11:44 pm on Aug 5, 2010 (gmt 0)

WebmasterWorld Senior Member 5+ Year Member



Previously... [webmasterworld.com]

Currently, straight out of my logs...

65.52.33.73 - - [05/Aug/2010:15:45:09 -0700] "GET /dir/filename.html HTTP/1.1" 403 1468 "-" "-"

No UA, no robots.txt, no REF, no nothing. Not once. Not twice. Not even three times. Try eleven.

65.52.33.73
-
08/05 15:45:09/dir/filename.html
08/05 15:45:20/dir/filename.html
08/05 15:45:31/dir/filename.html
08/05 15:45:42/dir/filename.html
08/05 15:45:53/dir/filename.html
08/05 15:46:03/dir/filename.html
08/05 15:46:14/dir/filename.html
08/05 15:46:25/dir/filename.html
08/05 15:46:35/dir/filename.html
08/05 15:46:46/dir/filename.html
08/05 15:46:57/dir/filename.html

Same poor file. All hits 403'd because no UA; also because bare MSN IP and not a bona fide MSN bot.
2:48 pm on Aug 6, 2010 (gmt 0)

5+ Year Member



I've got msn from slightly different 65.52 range
has msn UA

and all it does is occasionally hit robots.txt
rarely takes anything else even tho not banned
3:23 pm on Aug 6, 2010 (gmt 0)

WebmasterWorld Senior Member 10+ Year Member



(reported by myself [webmasterworld.com] on Aug 2 in Bing):
What appears to be a human scraper on an MSN-Bot IP; took more than 14 pages in 7 seconds, and thus tripped the site fast scraper block [webmasterworld.com]. This is from the subsequent log:
    IP: 65.52.108.165
    Host lookup: msnbot-65-52-108-165.search.msn.com
    Timing: 2010-08-02 02:09:33 +0100 (2 pages)
    UA: Mozilla/4.0 (compatible; MSIE 6.0; Windows NT 5.1; Crazy Browser 1.0.5)
2:50 pm on Aug 11, 2010 (gmt 0)

WebmasterWorld Senior Member 5+ Year Member



65.52 appears to be a low-key but consistent cloaked source:

65.52.6.206
Mozilla/4.0 (compatible; MSIE 7.0; Windows NT 6.0)
robots.txt? NO

URI: Single dynamic file posted a mere 12 hours prior. No ref. File suffix and dir verboten to all bots generally, and to majors' bots and IPs specifically. Did not follow real-people link in 403.
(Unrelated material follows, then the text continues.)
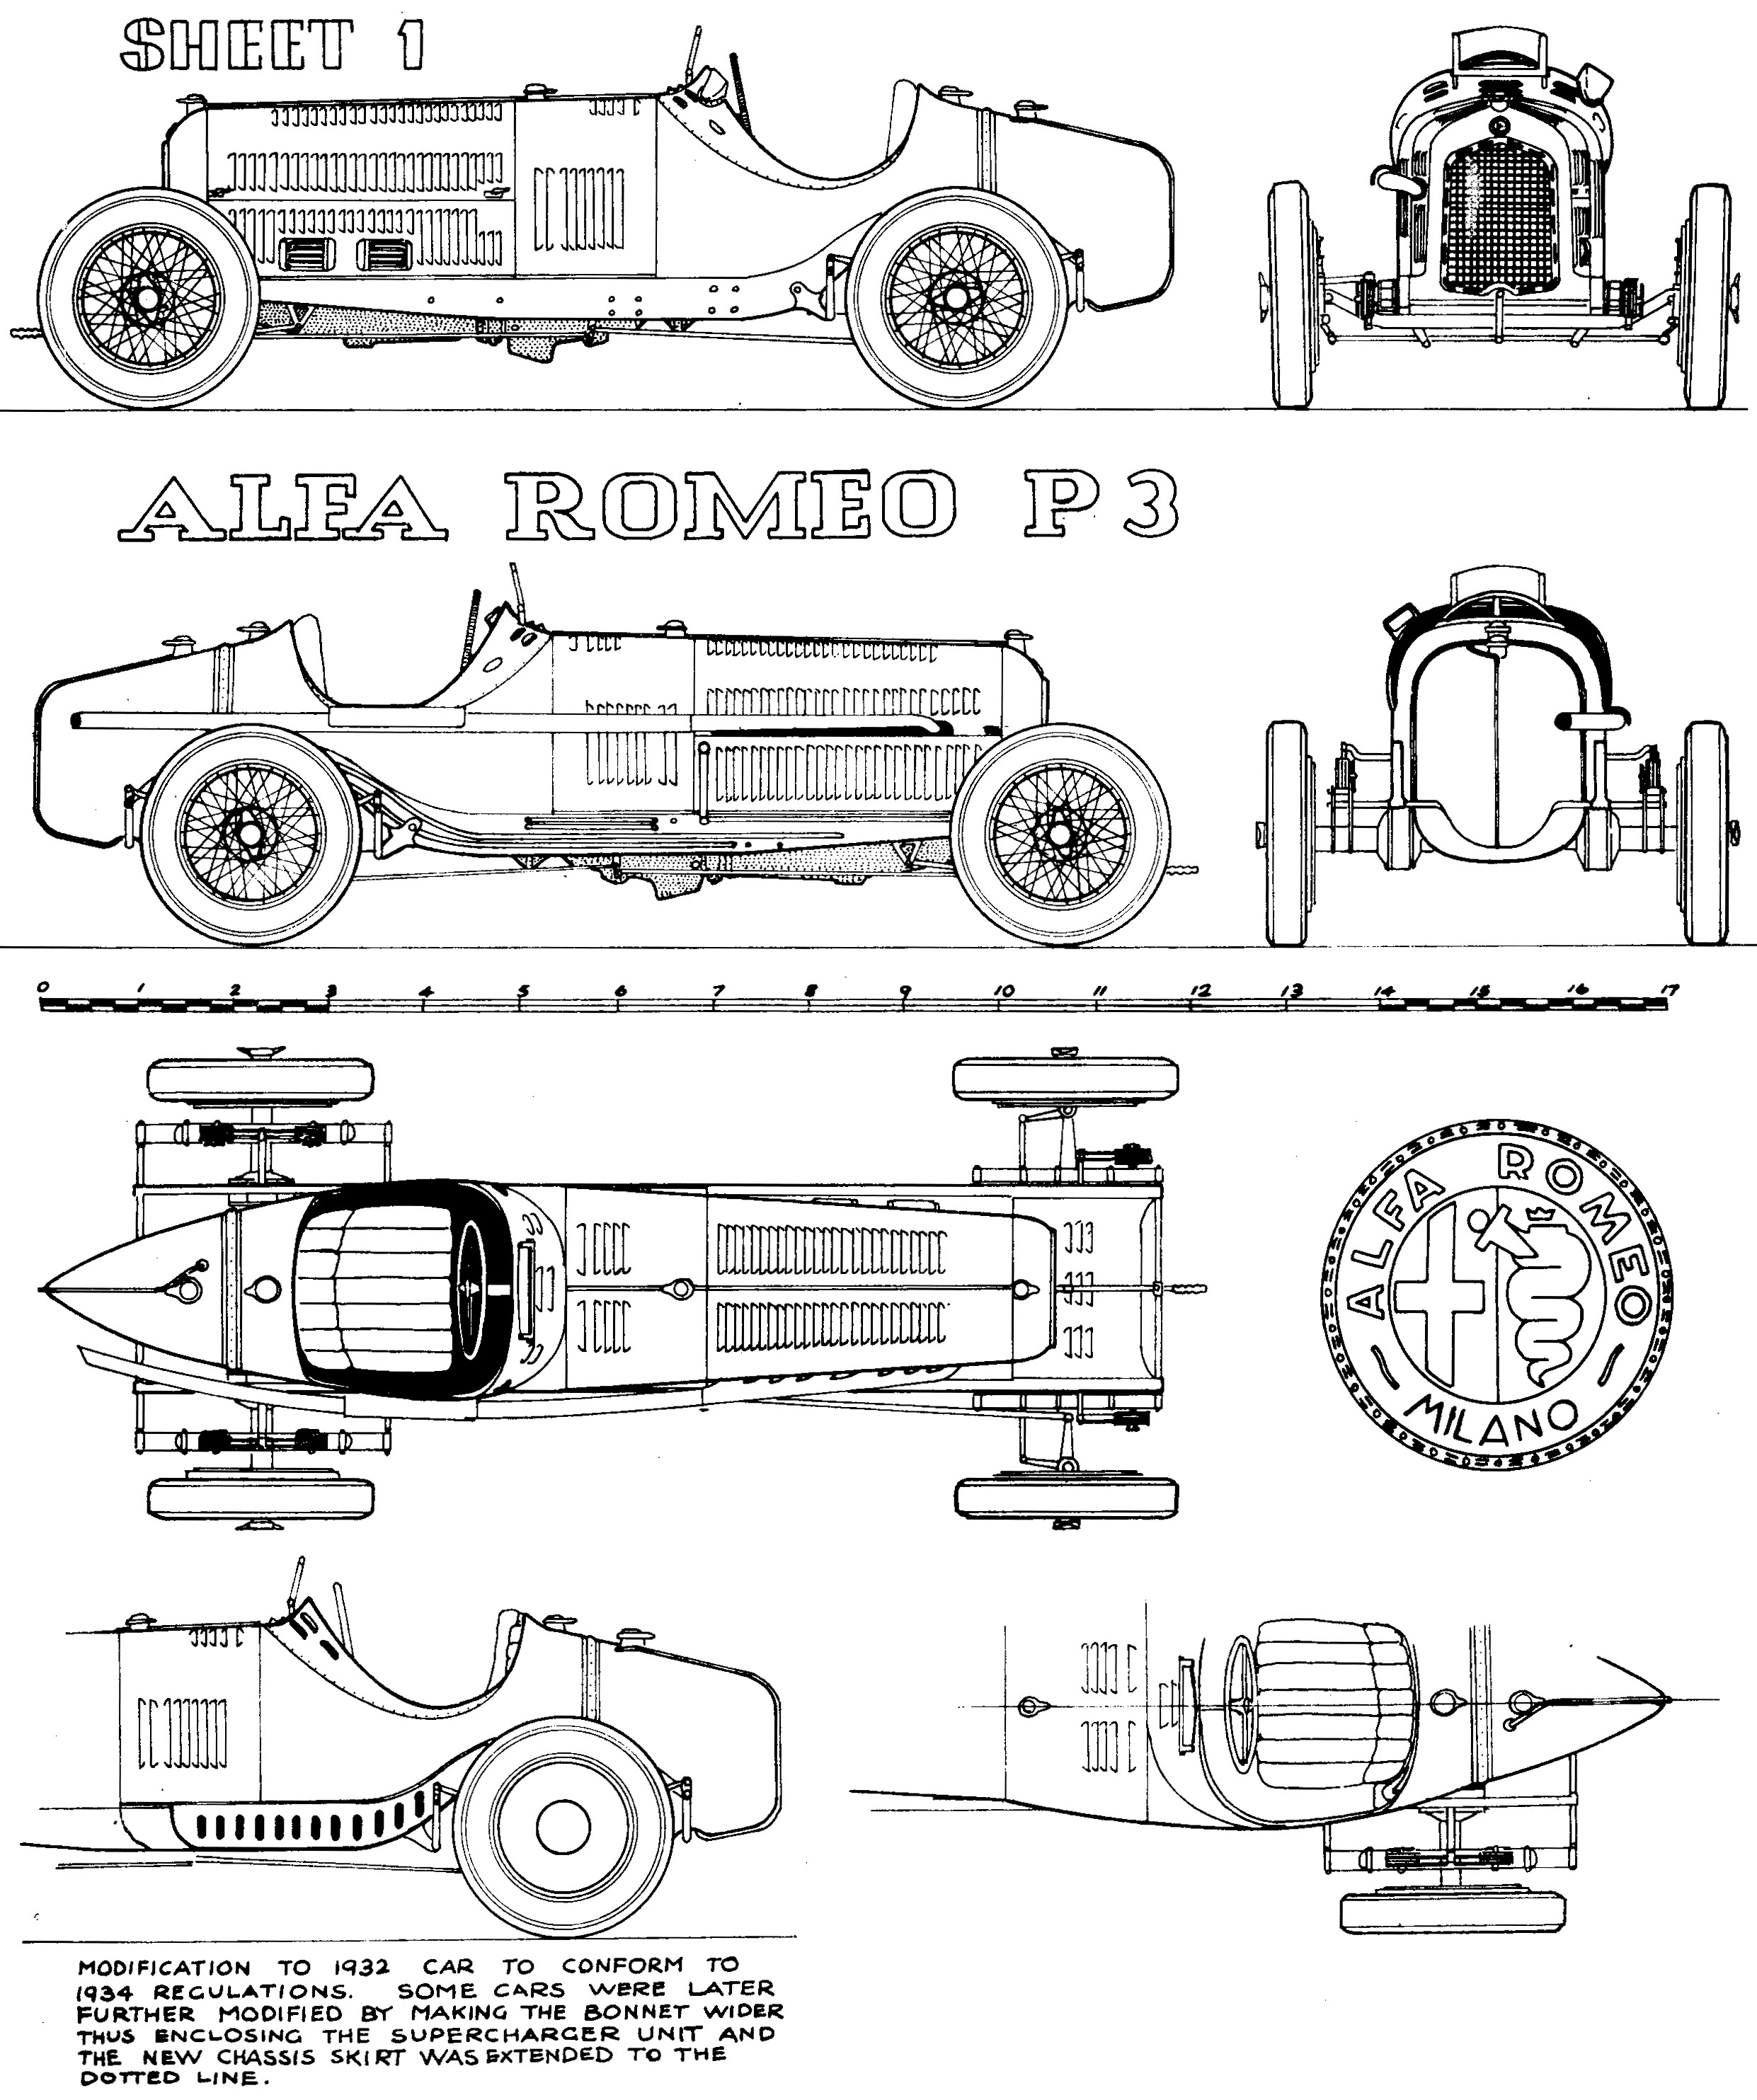 Diagram Of Car Frame Alfa Romeo P3 1932 33 Smcars Net Car Blueprints forum Of Diagram Of Car Frame

Mid-March, 2010, from my notes.

65.52.26.149
Mozilla/4.0 (compatible; MSIE 7.0; Windows NT 6.0)
robots.txt? NO

URI: Single html file that would've been okay if UA was msnbot. Link was in a tweet; hit came in a post-Twitter swarm. Did not follow real-people link in 403.
3:01 pm on Aug 11, 2010 (gmt 0)

WebmasterWorld Senior Member 5+ Year Member



Just noted the following 65.52 hit x2 in a post-Twitter swarm yesterday:

65.52.2.10
Mozilla/4.0 (compatible; MSIE 7.0; Windows NT 6.0)
robots.txt? NO

URIs: Again both of these would've been okay for msnbot, but not this UA:

08/10 17:01:23 /
08/10 17:24:57 /dir/filename.html
5:38 pm on Aug 11, 2010 (gmt 0)

WebmasterWorld Senior Member keyplyr is a WebmasterWorld Top Contributor of All Time 10+ Year Member Top Contributors Of The Month



For several years 65.52 has scraped image files using no UA. I've blocked it without any negative affect.

However, I started blocking the Yahhoo equivalent (image scraper, no UA) and my image listings dropped from Yahoo's image search.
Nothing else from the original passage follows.